Primark wins the limbo contest of “how low can you go” in fast fashion. The company’s first US location debuted this year, and it has plans for expansion. Will Primark dethrone Forever 21 in 2016?
Under Armour had an explosive year — it had its first billion-dollar quarter this fall. The company prides itself on its underdog ethos, but it might not be an underdog for much longer.

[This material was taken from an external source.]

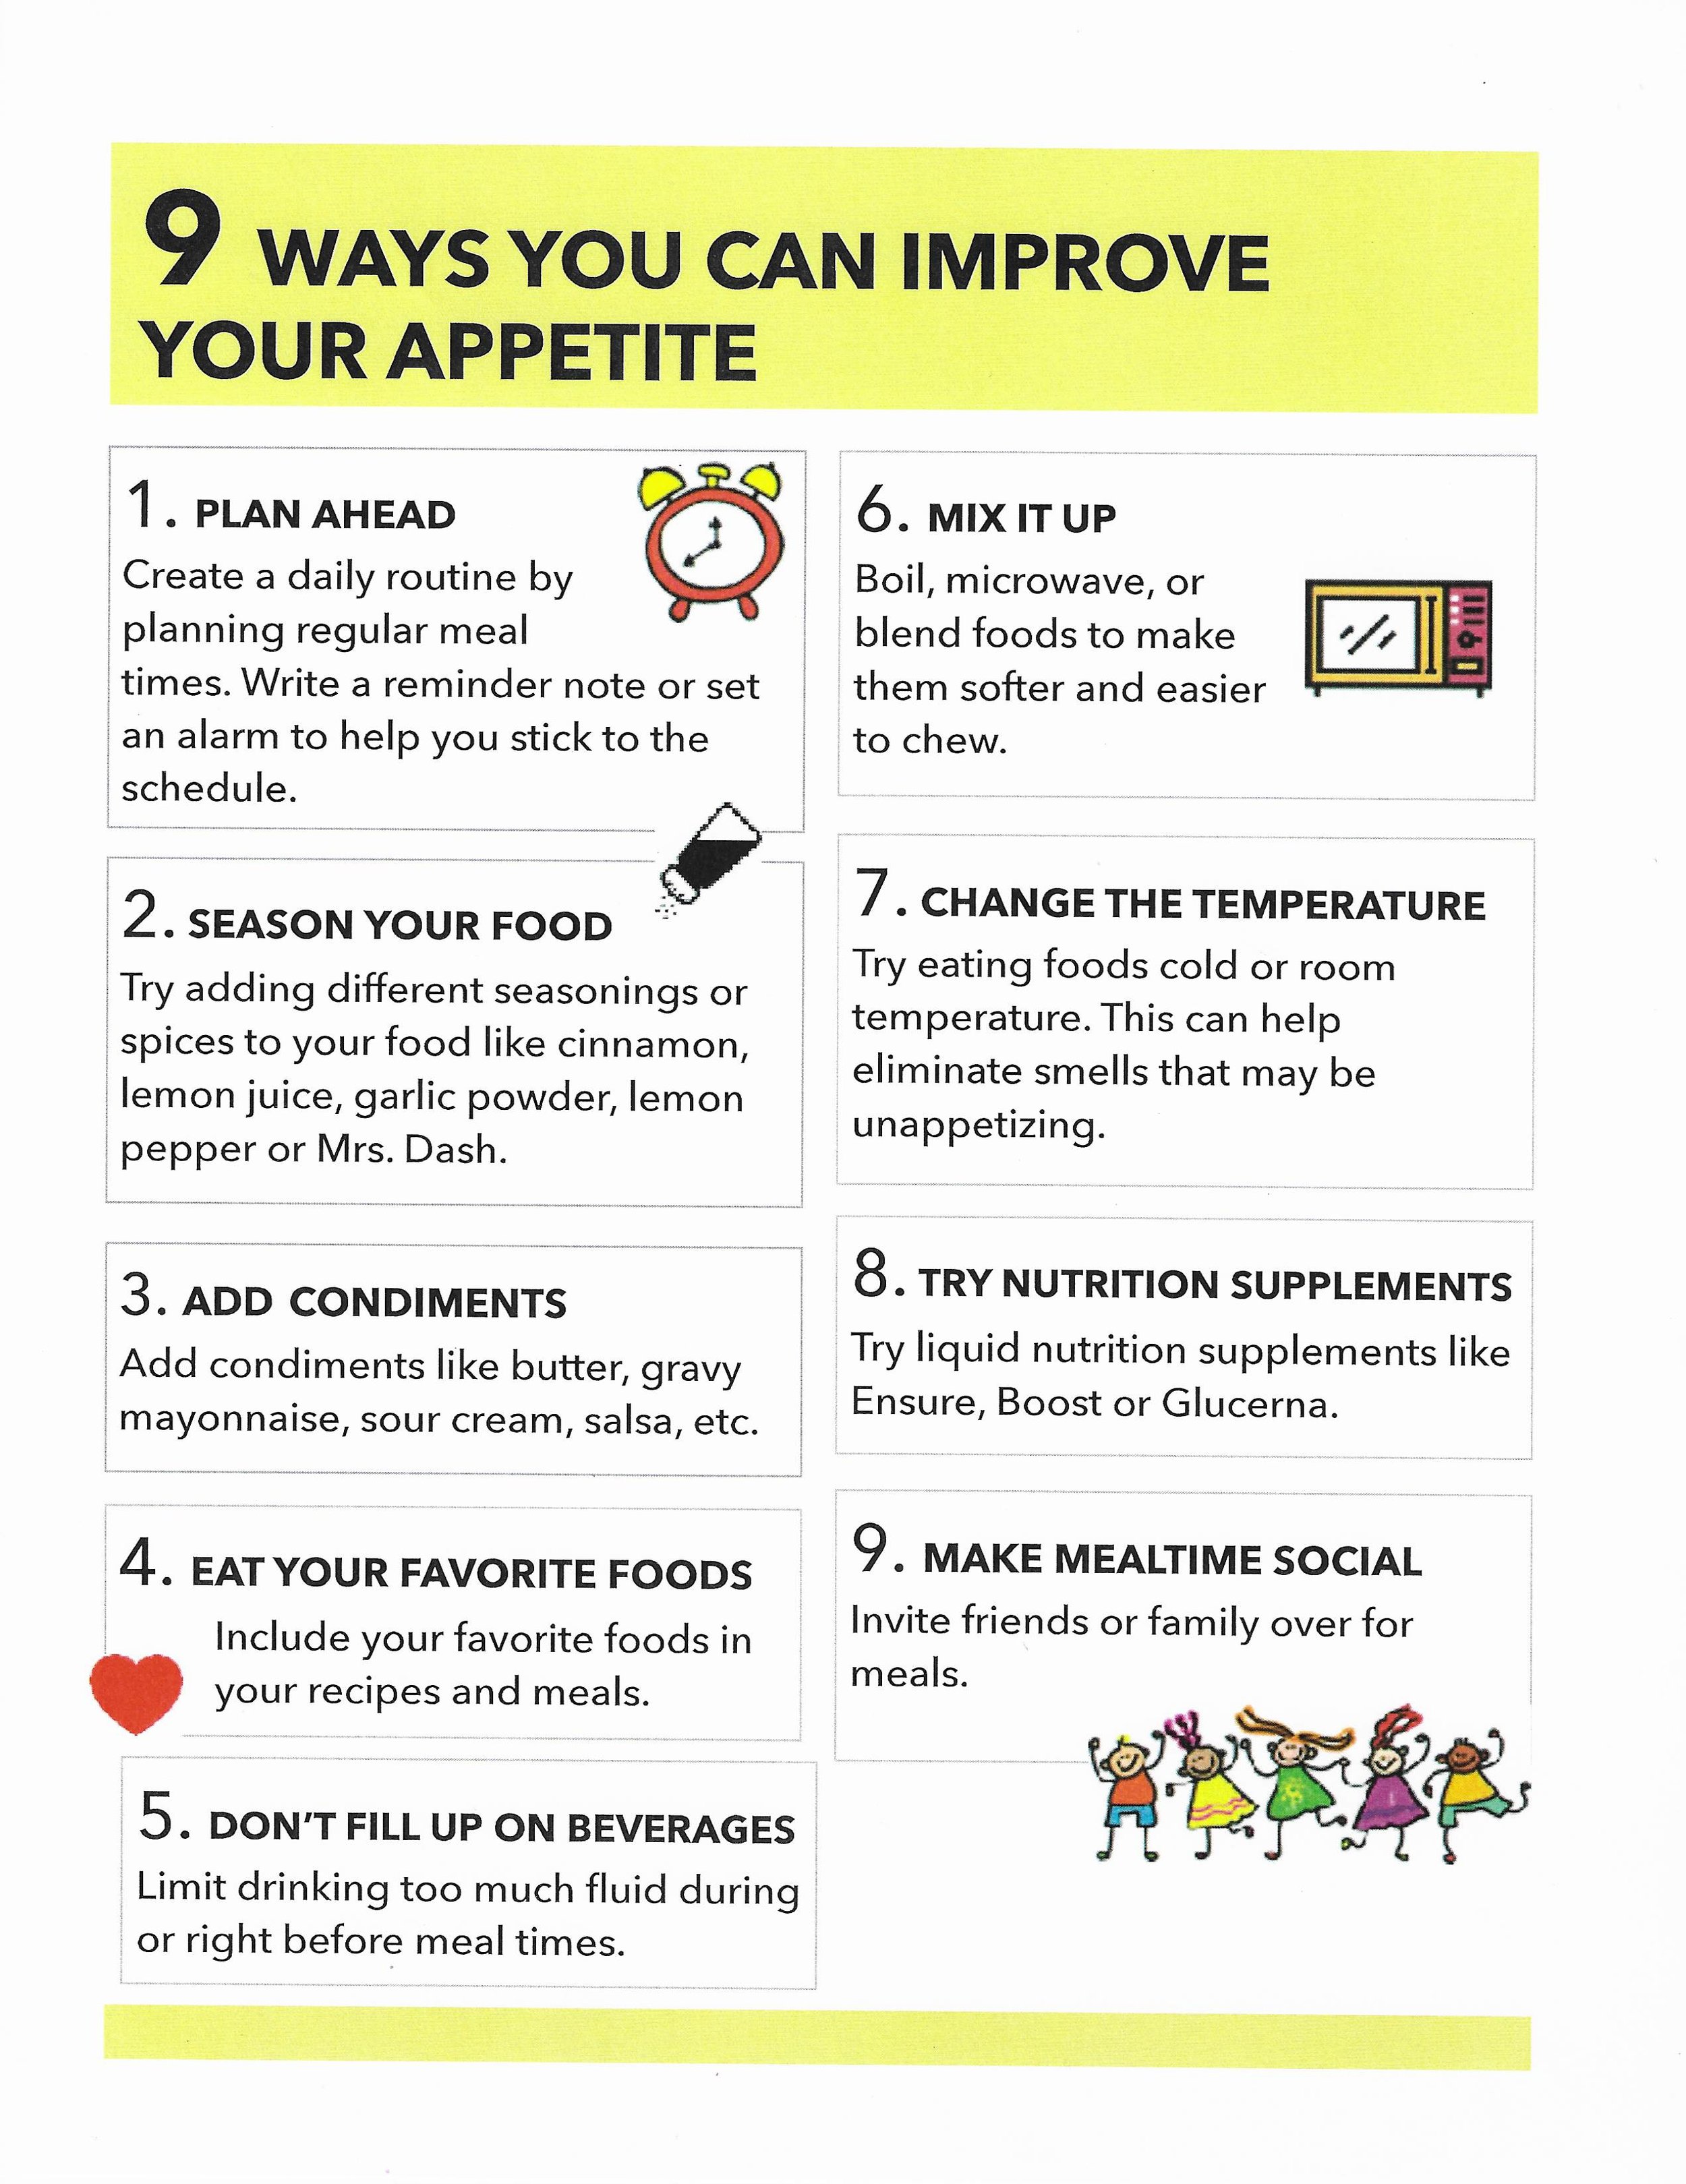 9 ways to improve your appetite.jpg

The brand is growing at a rapid pace and is quickly catching up to Nike.
Timberland is on track to nearly double its revenue by 2019, which means we’ll likely be seeing some growth in 2016. Timberland’s president, Stewart Whitney, told Business Insider in an interview that the brand has seen tremendous growth by zeroing in on a specific customer — someone he calls the “outdoor lifestyler.”
Yes — it’s coming back from the dead. This summer, news broke that the retailer that was popular among tween girls in the ’90s would return come 2016. The women who grew up wearing the glittery, butterfly-adorned apparel are too old for the clothes now, so will nostalgia draw them back? Will their kids shop there? We’ll have to see.
C. Wonder will make its grand return on QVC come 2016. The brand had announced it was closing its doors earlier this year. But Xcel brands acquired it this year, and now the easy-on-the-eyes Brad Gorseki will serve as the company’s new creative director.
Adidas has been working to improve its sales after falling behind Under Armour. It certainly helps to have Kanye West on board with his extremely popular Yeezy Boosts. The company has been making an effort to push its US sales to catch up to its competitors.
Brandy Melville has continued to gain popularity with young people. Its models are Instagram stars. The brand, however, has experienced ample controversy for its “one size fits most” sizing policy — that size isn’t “most,” it’s “thin.”
Aerie’s comparable sales have been consistently positive, and in its most recent quarter, comparable sales were up 21%. This is largely attributable the brand’s noble campaign, Aerie Real, which forgoes Photoshop.
“We are seeing more and more opportunity to strengthen the emotional connection with today’s young woman. Our customers believe in what we stand for. Aerie Real and untouched models are the core to our brand DNA,” brand President Jennifer Foyle said on a recent earnings call.